With the New York City Department of Health and Mental Hygiene, we have been contracted to develop performance measures for preparedness and response and are integrating such private sector concepts as emergent strategy, managing uncertainty, and organizational theory.

We are engaged in a project sponsored by the biopharmaceutical and healthcare company, GSK, in partnership with Save the Children to develop community resilience coalitions focused on child-serving institutions, while integrating the work with formal emergency management and public health systems. The contribution of GSK allows work to be done that expands local preparedness, while also contributing expertise in communications to reach wider audiences and to ensure that the work being done in the communities is elevated into the national dialogue.
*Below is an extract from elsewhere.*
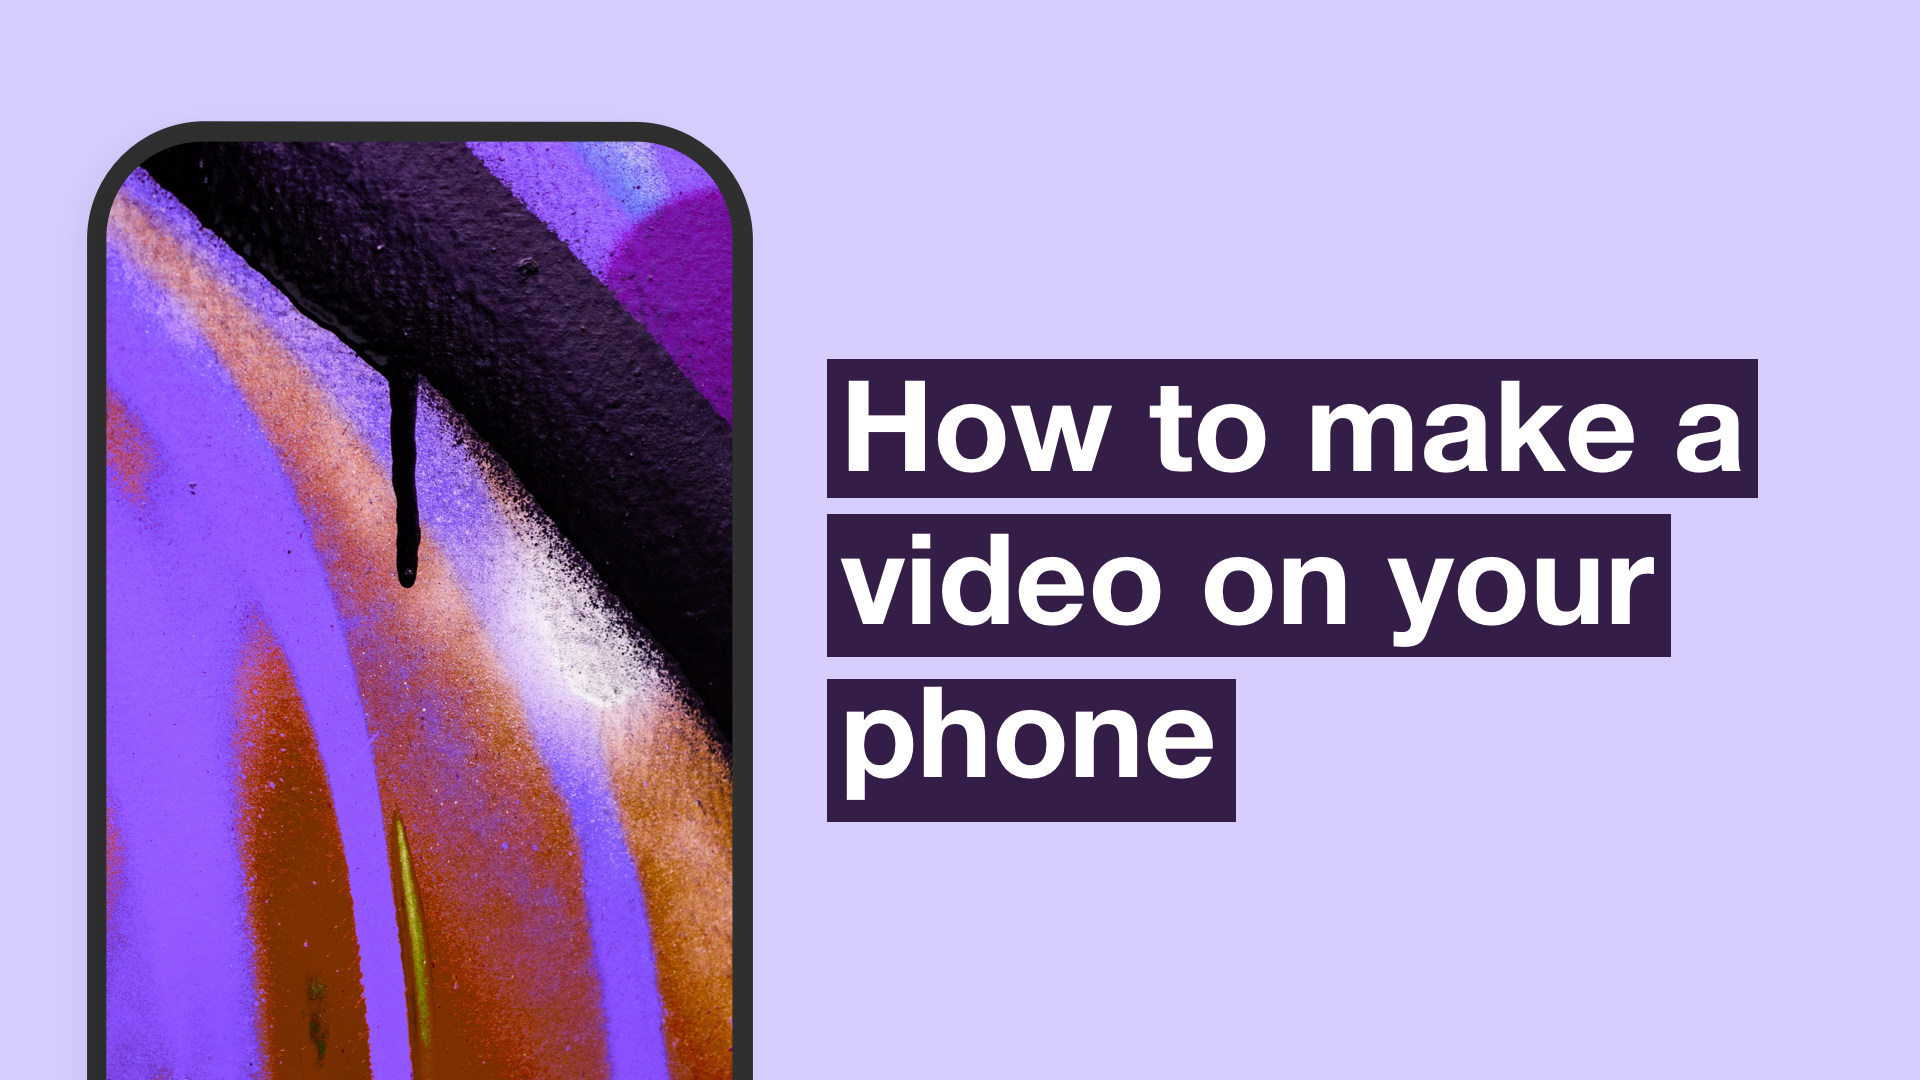 How to make a video on your phone
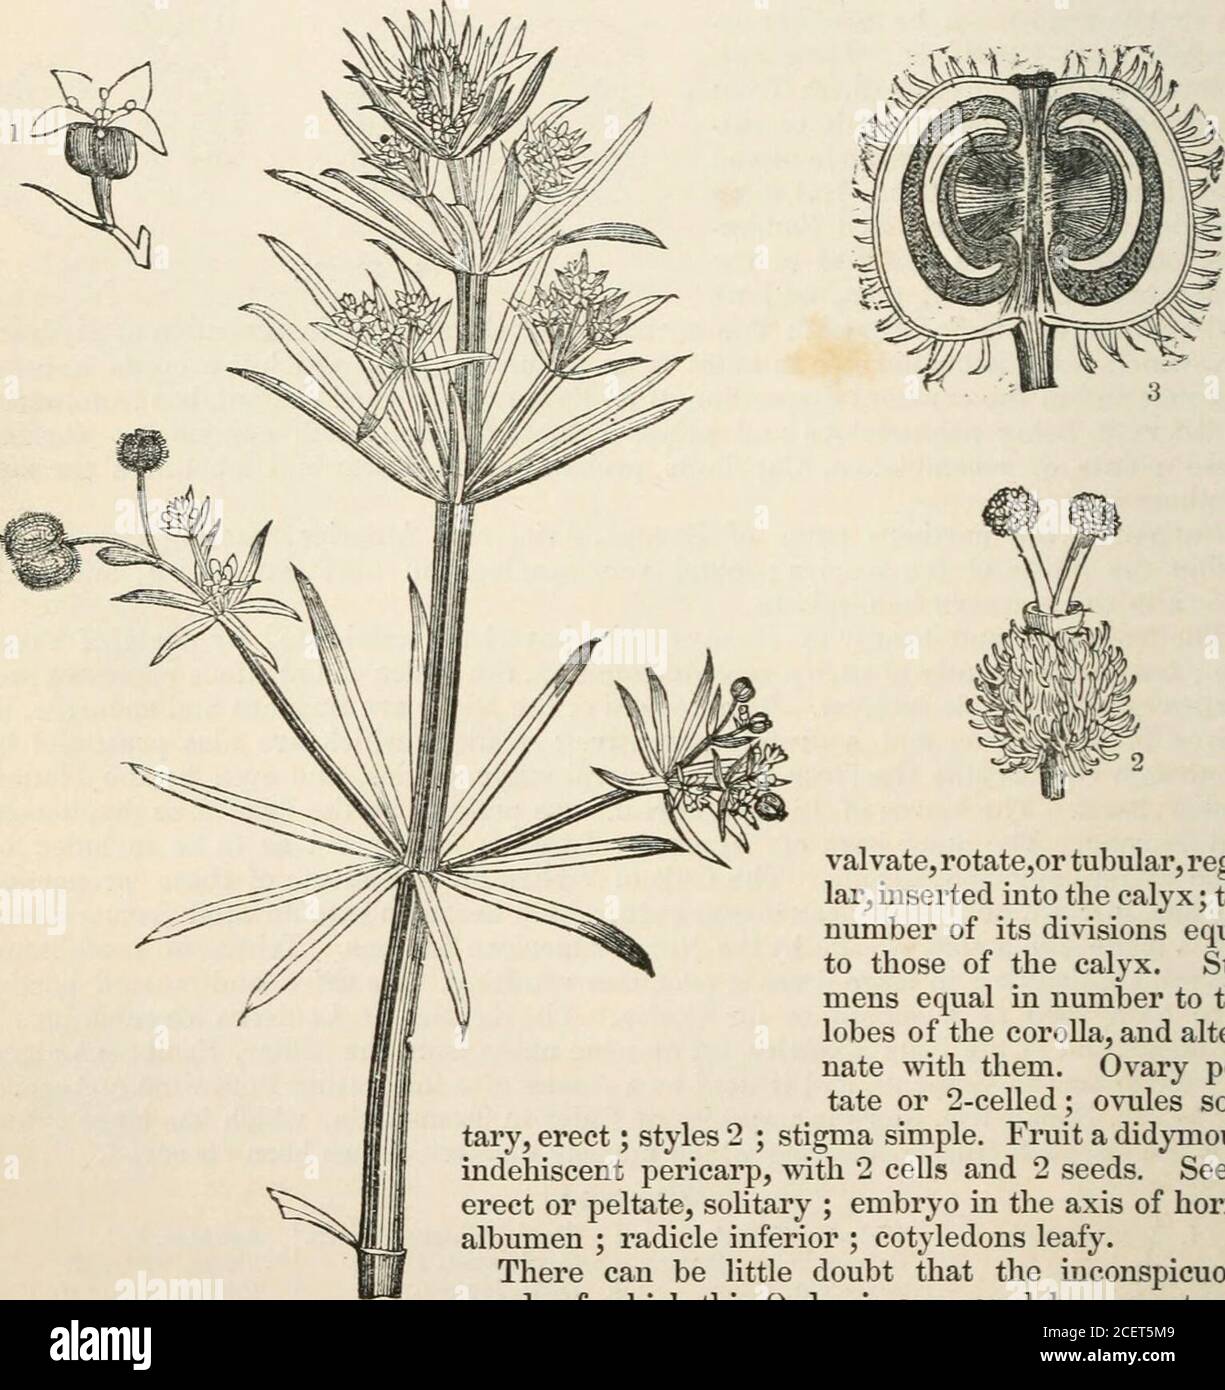 . The vegetable kingdom : or, The structure, classification, and uses of plants, illustrated upon the natural system. e.—Capuiioliace.e.—ColumelliacesB. Hijdran(jcacc(e. Fig. DVIII.—1. flower of Linnsea borealis; 2. the same cut open and showing the interior of theovary; 3. a cross section of the ovary ; 4. section of fruit of Lonicera tatarica; 5. half its seed. 768 GALIACEiE. [Epigynous Exogens. Order CCXCV. GALIACE^.—Stellates. Stellatse, Ray Synops. 223. (1690); R. Brown in Conqo, (1818),—Galiese, Turp, in Atlas du Noiiv. Diet,des Sc. (?)—Rubiaceae, § Stellatas, Cham, et Schlecht. in Linnc Stock Photo

Both of these projects require a unique courage among public and private sector employees to invest time and resources to work across sectors, to share their knowledge, and to accept that there are good ideas and innovative practices in other fields that may use different words and different measures of success, but can solve many of the problems we face in biodefense.

For our final recommendation, we urge Congress and the Administration to embrace the wide range of benefits that can come from private sector integration with local preparedness by creating technical assistance programs that can help local communities and private sector patrons connect with each other, and to create guidance for navigation of legal hurdles such as the Federal Advisory Committee Act, antitrust regulations and other perceived barriers to collaboration. Further incentives for this kind of collaboration should also be explored.

A community’s resources are not just its’ tangible assets; it is in the ingenuity and networks of all of its people. The more seats we have at the table, the more we can grow our effectiveness and access the fiscal, intellectual and social resources that we have yet to fully capitalize on in this field of biodefense.

I will conclude by once again, expressing my sincere gratitude for the work of this panel, and the commitment you have made to hear these perspectives, and for your continued contribution toward enhancing our national biodefense capabilities.